Surprise! On the first day of NYCC, Marvel Studios has announced a few changes related to their Phase 3 slate of films.

First things first, the biggest news: there’s an Ant-Man sequel coming. Set for July 6, 2018, Ant-Man and The Wasp will feature the adventures of Scott Lang and Hope Van Dyne (Paul Rudd and Evangeline Lilly respectively). Making just a little north of Captain America: The First Avenger at 409.8 million, a sequel announcement for the Peyton Reed-helmed film isn’t wholly surprising, but it wasn’t necessarily a guarantee either. So, Ant-Man fans, rejoice!

With this addition to the line-up, we now have to see a little bit of scheduling musical chairs as well. Black Panther will be moved up to February 16, 2018, which is usually a dead-zone of quality for action based films, but since there’s no script yet, that indicator is pretty meaningless.

Captain Marvel is being moved back as well to March 8, 2019.

Marvel has also announced there will be three new films from the studio, still to be announced, that will open on May 1, 2020, July 10, 2020, and November 6, 2020. Start your guesses now!


  1. If Marvel is going to continue with the strategy of putting out as many movies as the market will bear, they’re going to have to release them at times of the year that are traditionally “dead”, and count on audiences to show up anyway.

  2. Yeah, at this point, I’m thinking the old early part of the year vs the summer paradigm is probably out the window. Deadpool might be the start of that.

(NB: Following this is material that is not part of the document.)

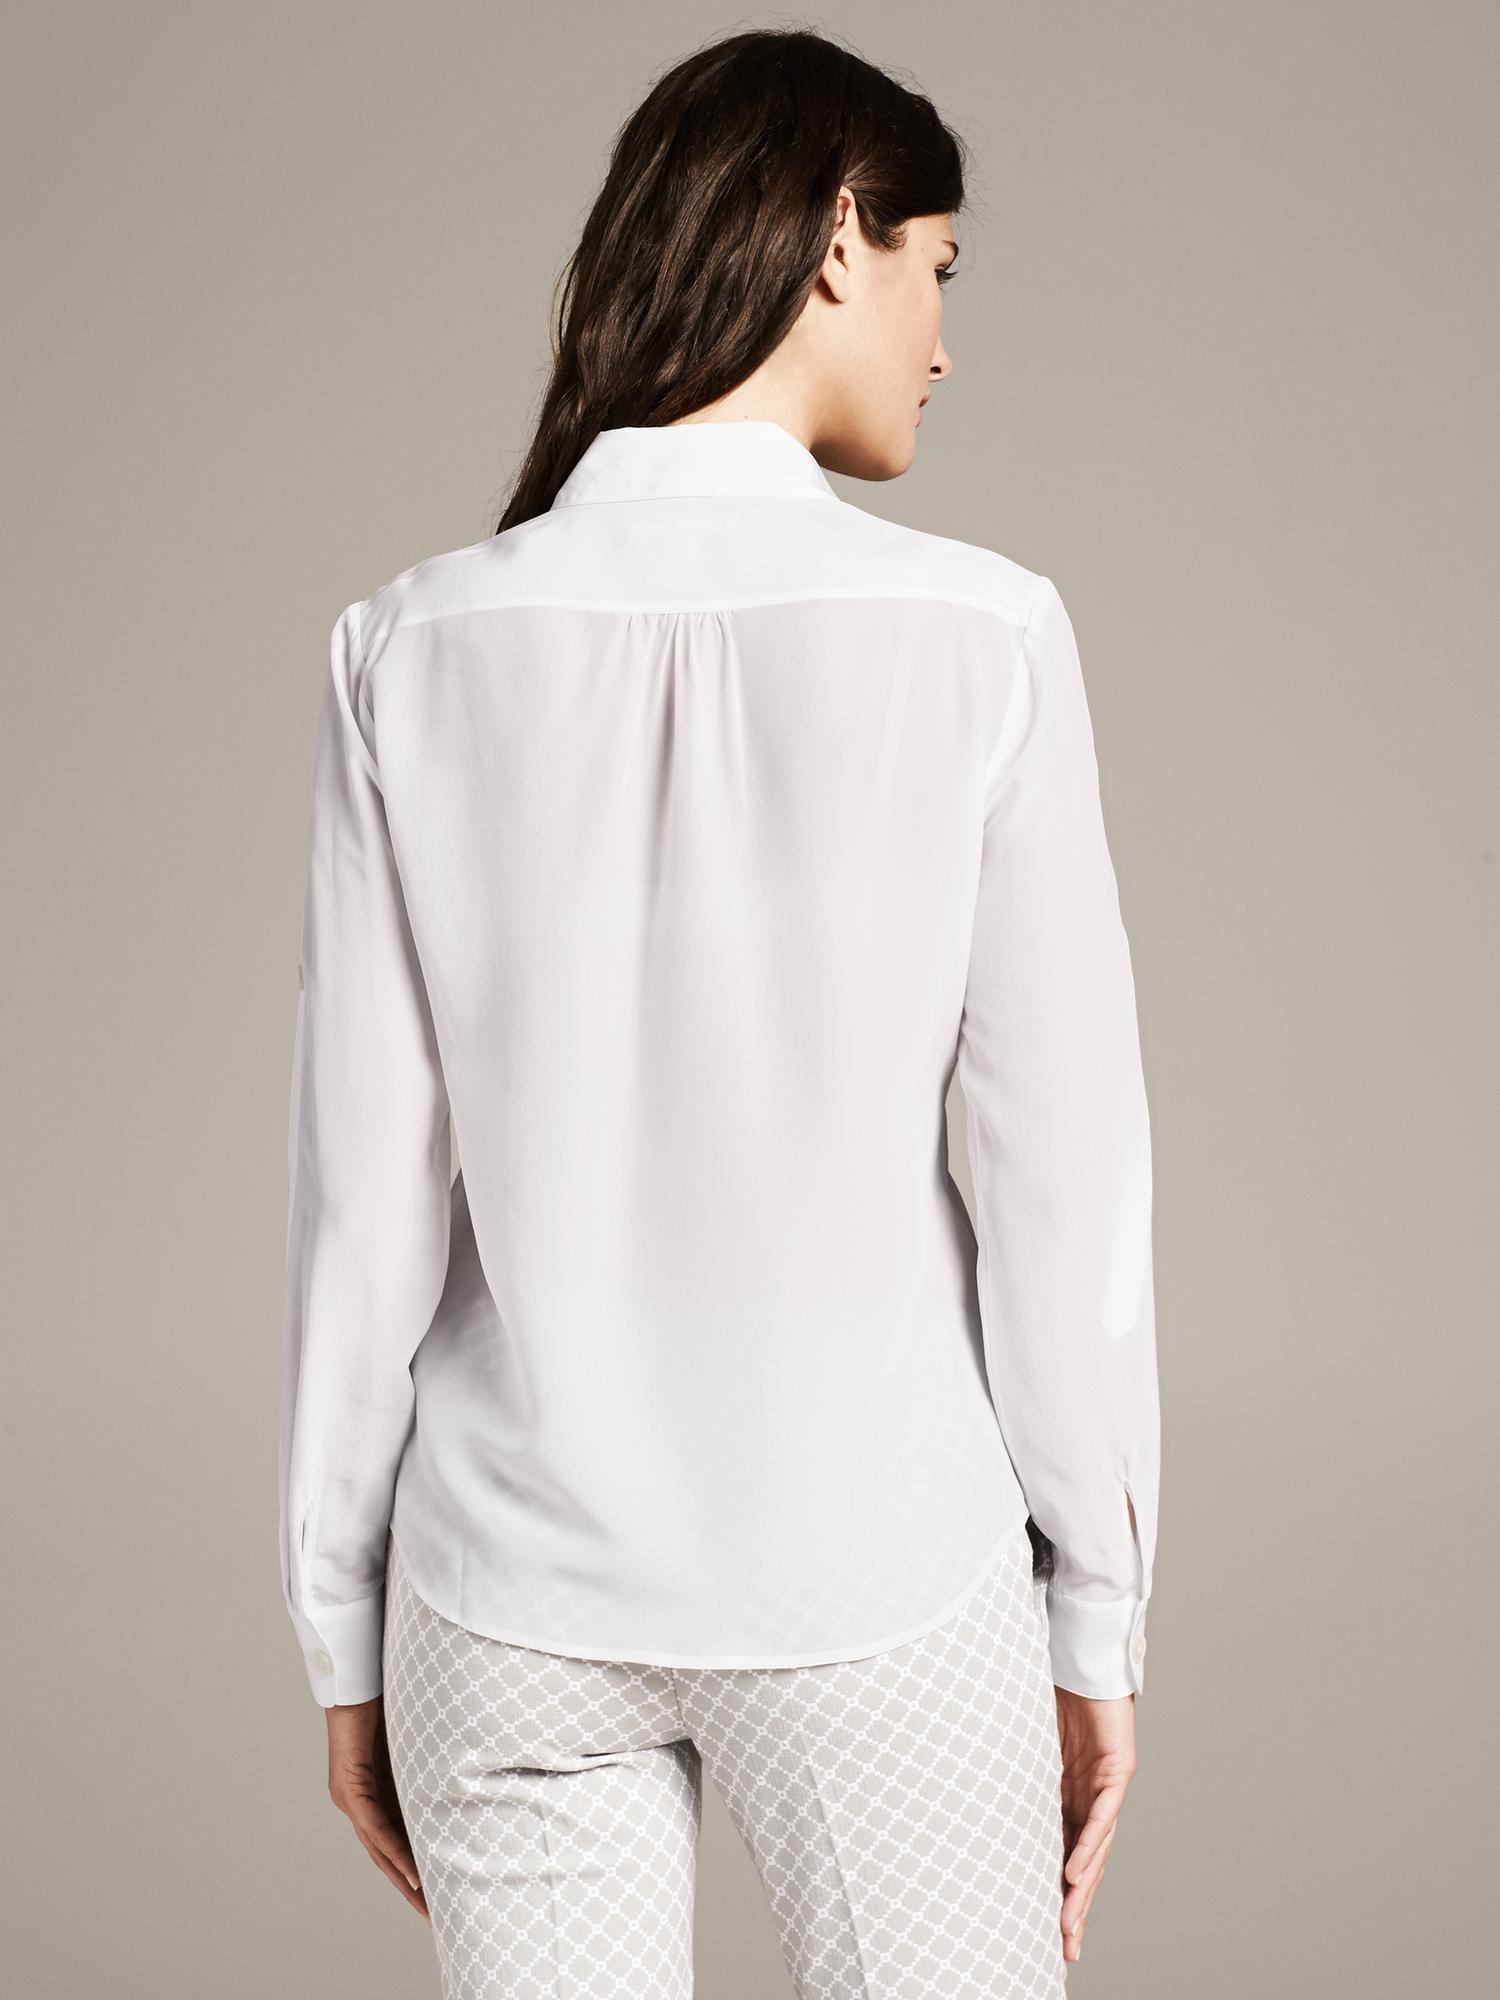 09930464491508 Lyst - Banana Republic White Silk Utility Blouse in White
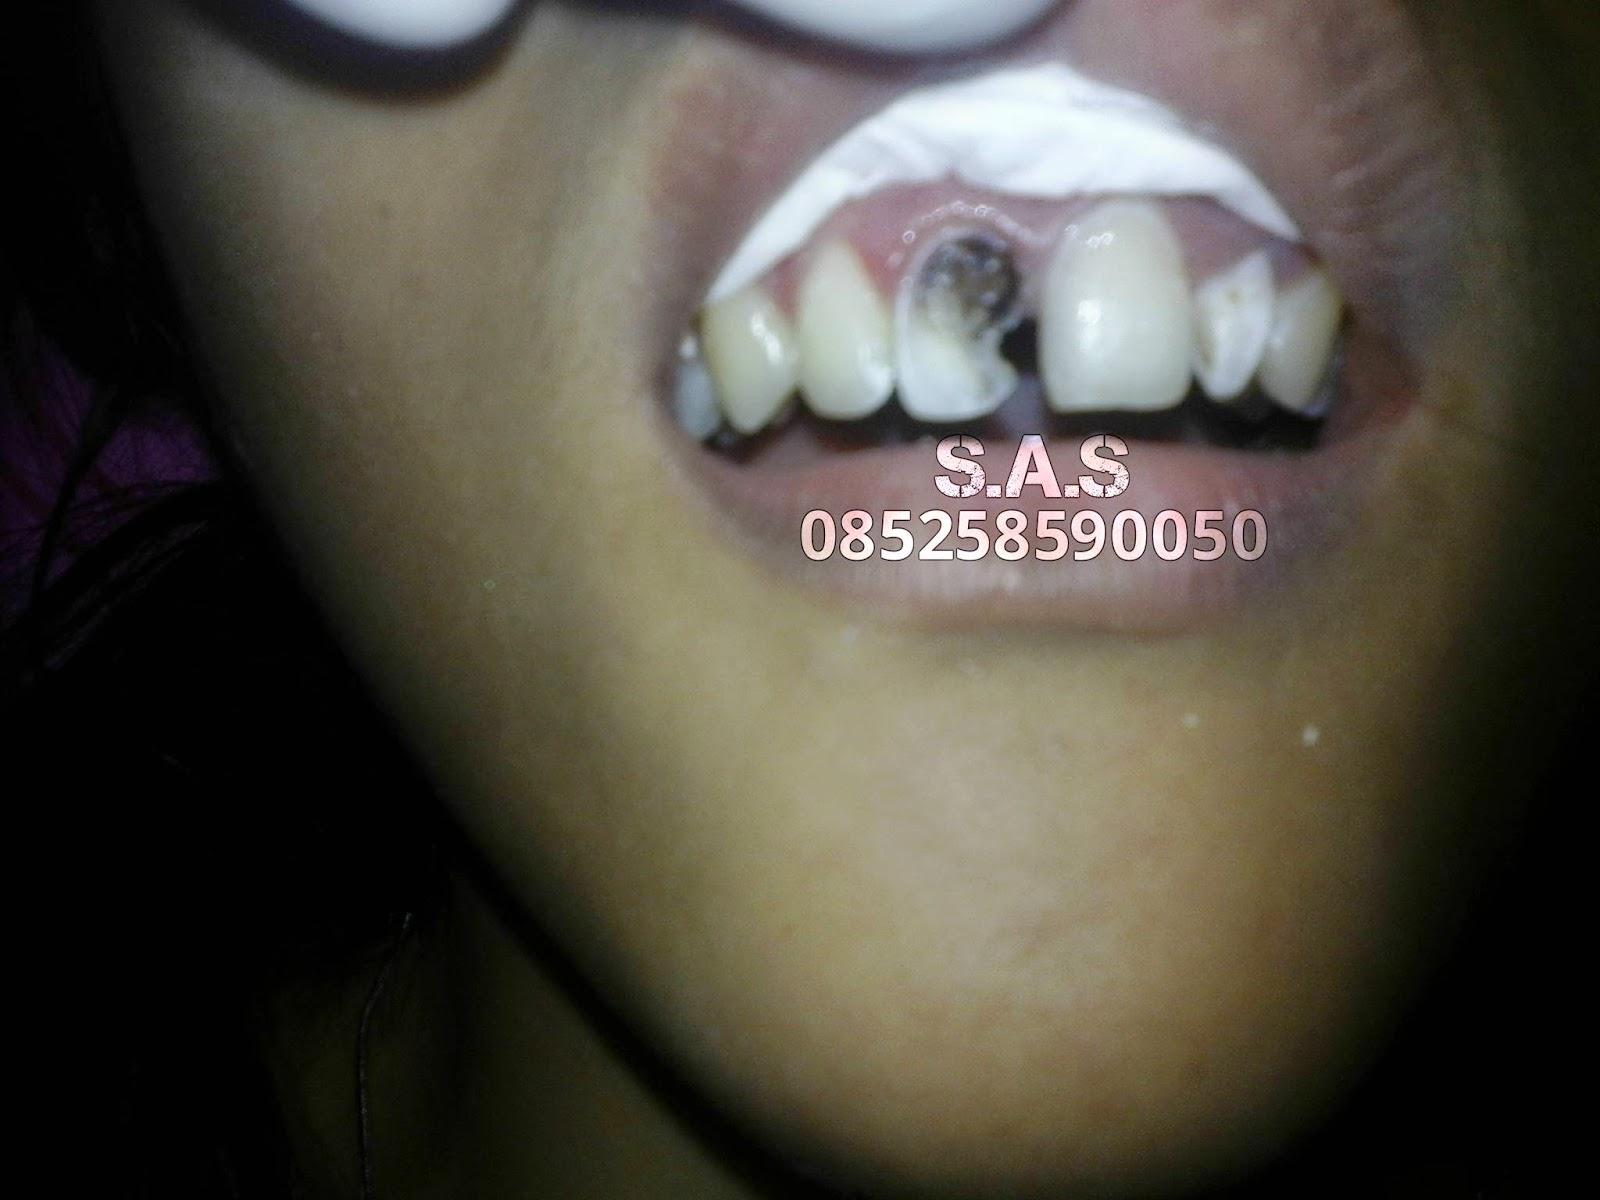 Cara Tukang Gigi S A S Mengembalikan Gigi Berlubang Hitam Dan

  3. Kyle, it’s already been happening. The start was probably back in 2007 with 300 opening in March making over $200 million. However, then in 2012 The Hunger Games blew away all records making over $400 million while opening up in March. So yeah, it’s now a thing to open up in the spring knowing there will be less competition.

    I guess Ant Man & Wasp have actors & directors all set up, just looking for a script but it still sucks that Captain Marvel was delayed a second time!

  4. January and February are dead, as everyone is PRing Oscar nominees.
    Blockbuster season ends the first week of August. The rest of that month are small movies which will be successful with smaller box office receipts.
    October starts the Oscar rat race, which runs through Christmas Day.